DATASET EXTRACT -

**********

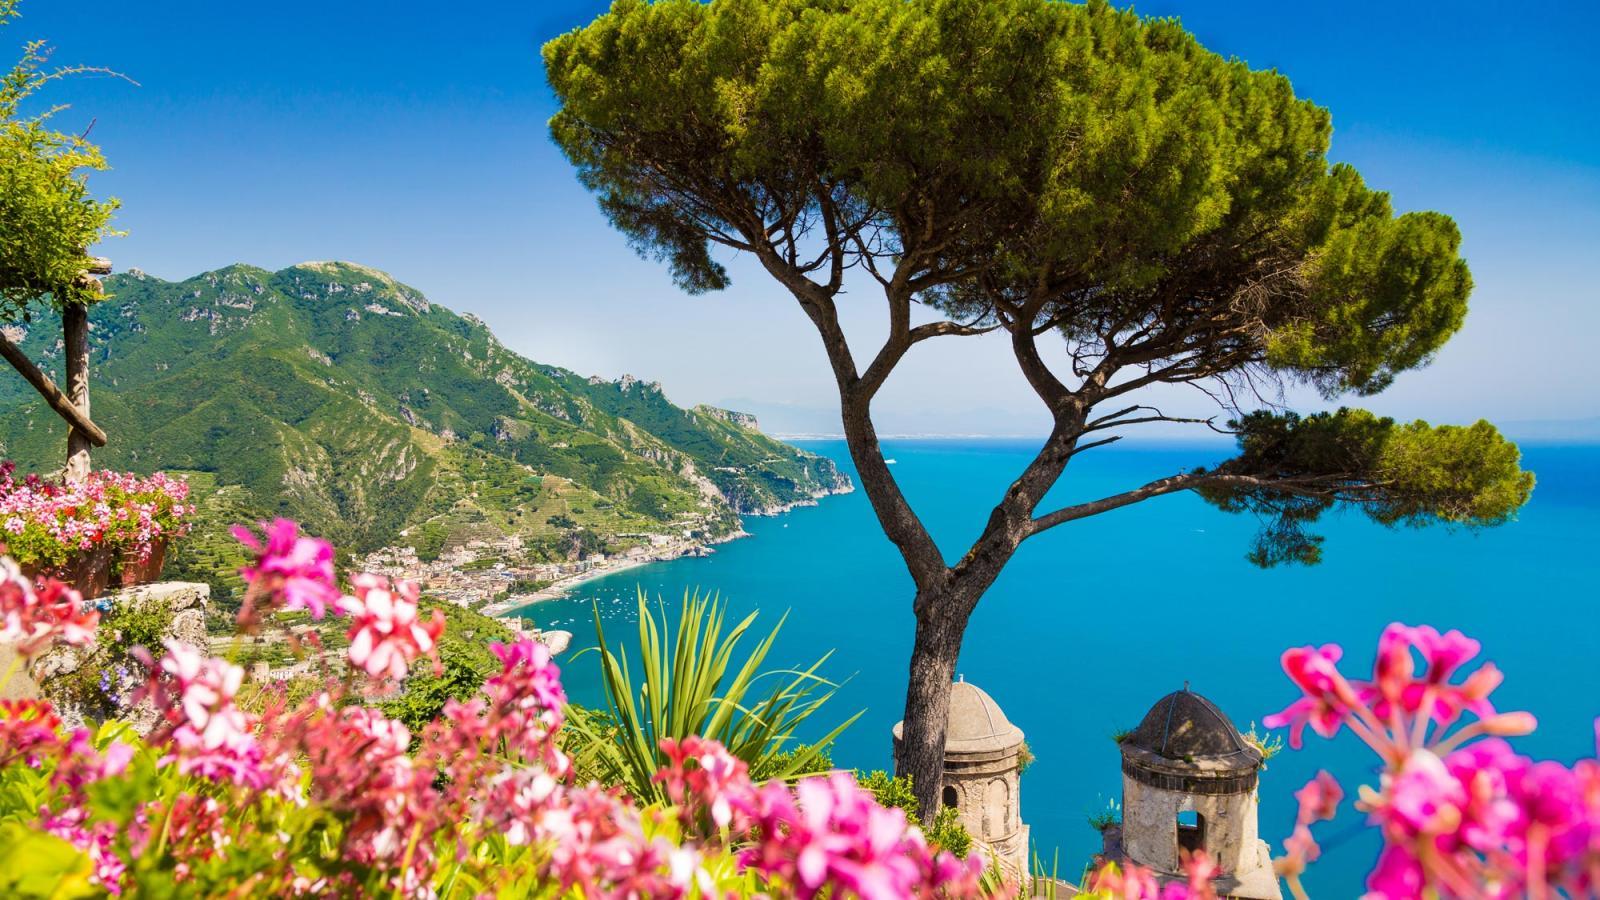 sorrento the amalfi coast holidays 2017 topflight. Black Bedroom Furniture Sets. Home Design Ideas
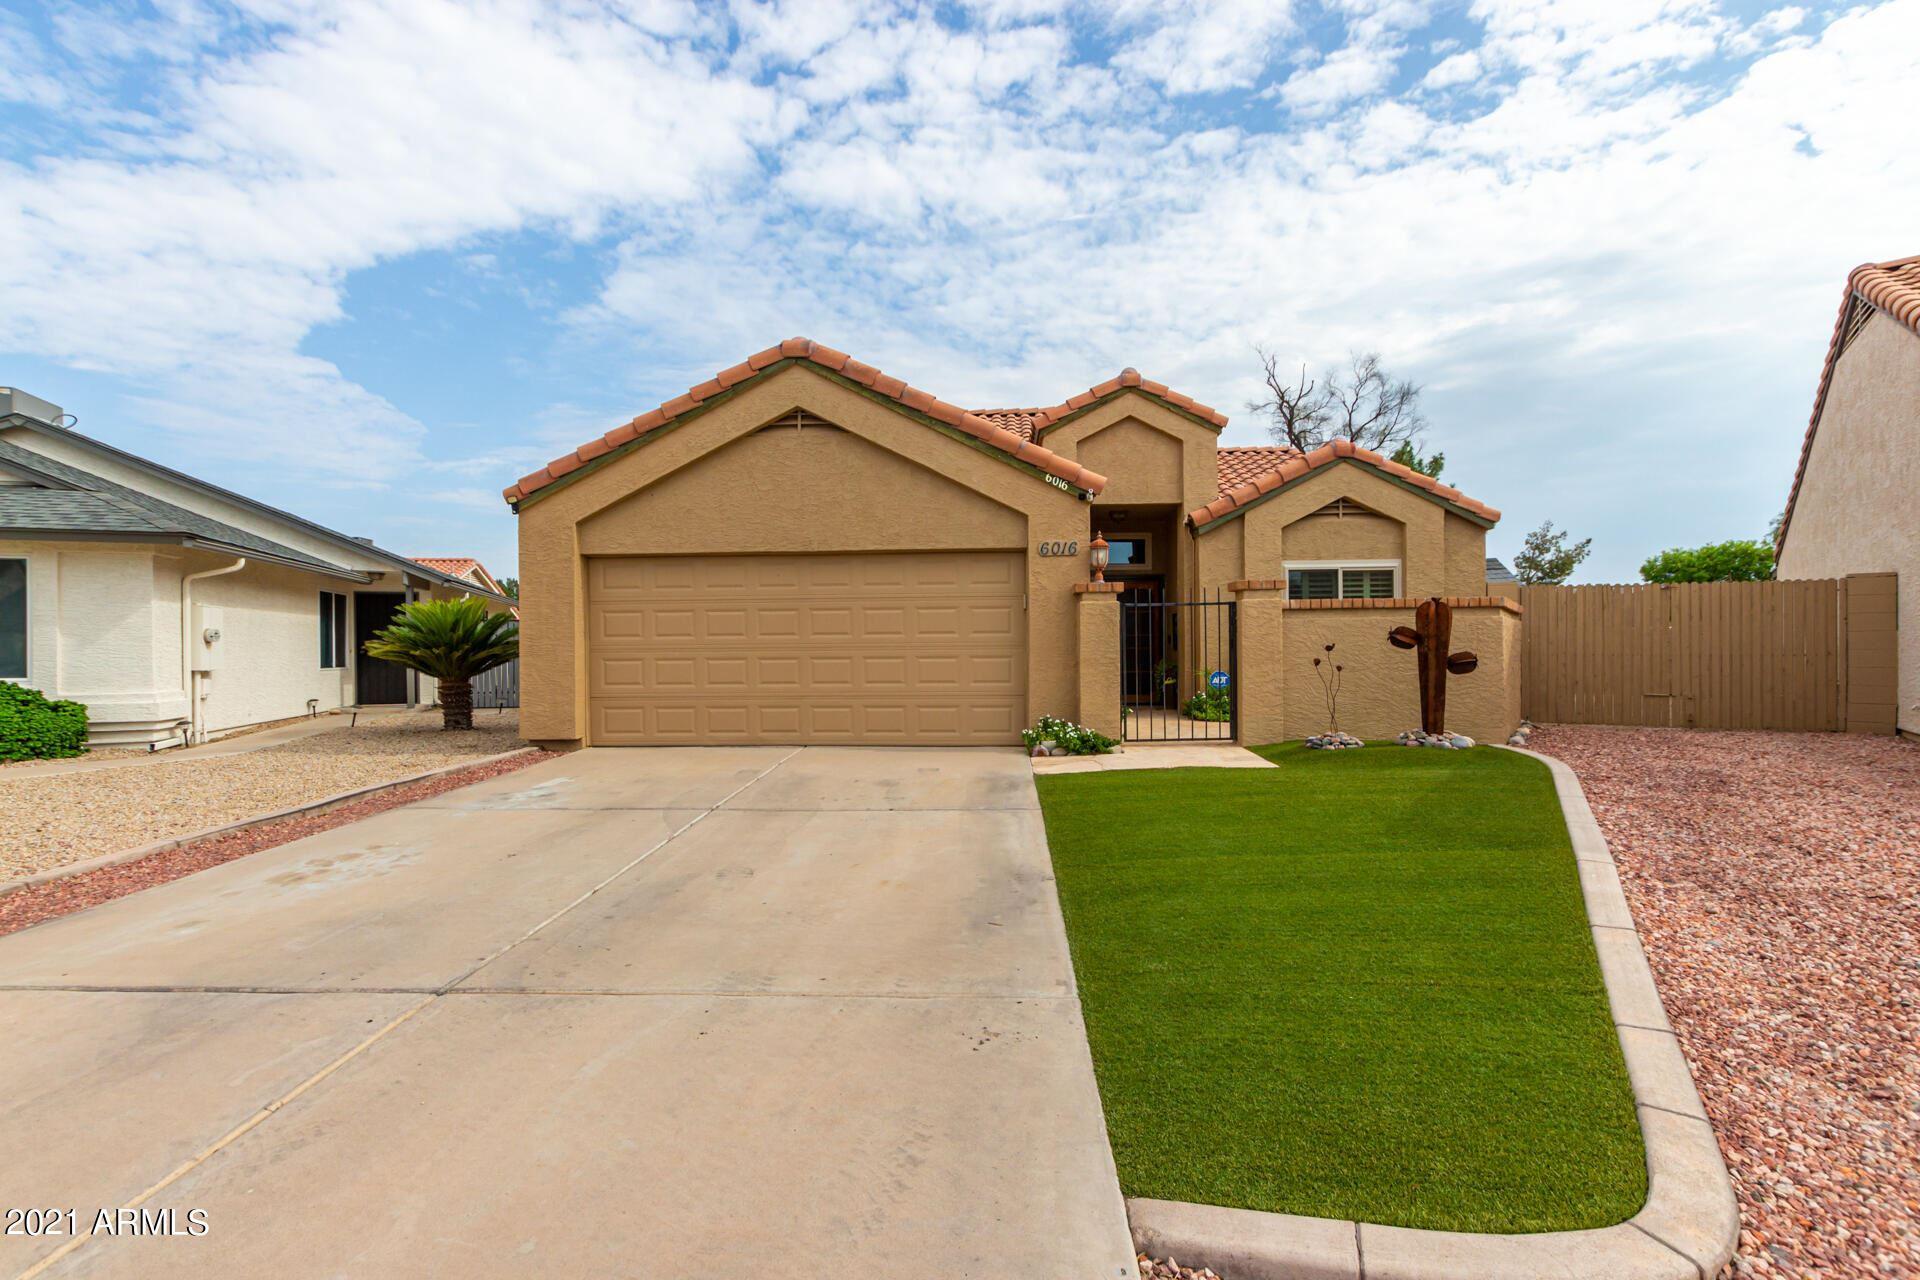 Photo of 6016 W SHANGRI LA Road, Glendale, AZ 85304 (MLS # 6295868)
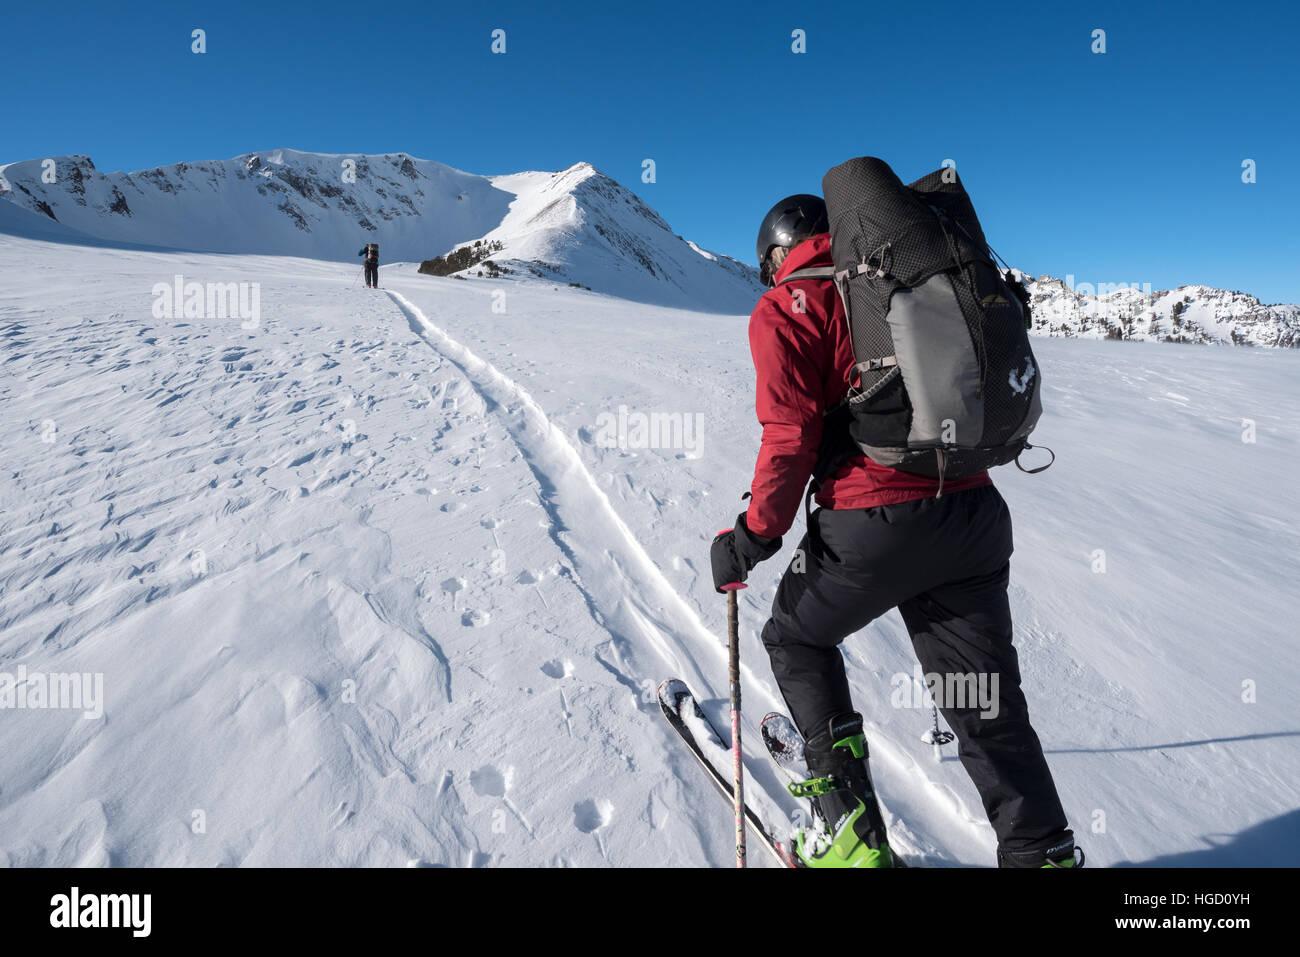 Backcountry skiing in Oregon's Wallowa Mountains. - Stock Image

**********

GOAL OF THE EXERCISE -
Return the material above exactly; the images stay out.

EXERCISE ANSWER -
 sorrento the amalfi coast holidays 2017 topflight. Black Bedroom Furniture Sets. Home Design Ideas
 Photo of 6016 W SHANGRI LA Road, Glendale, AZ 85304 (MLS # 6295868)
 Backcountry skiing in Oregon's Wallowa Mountains. - Stock Image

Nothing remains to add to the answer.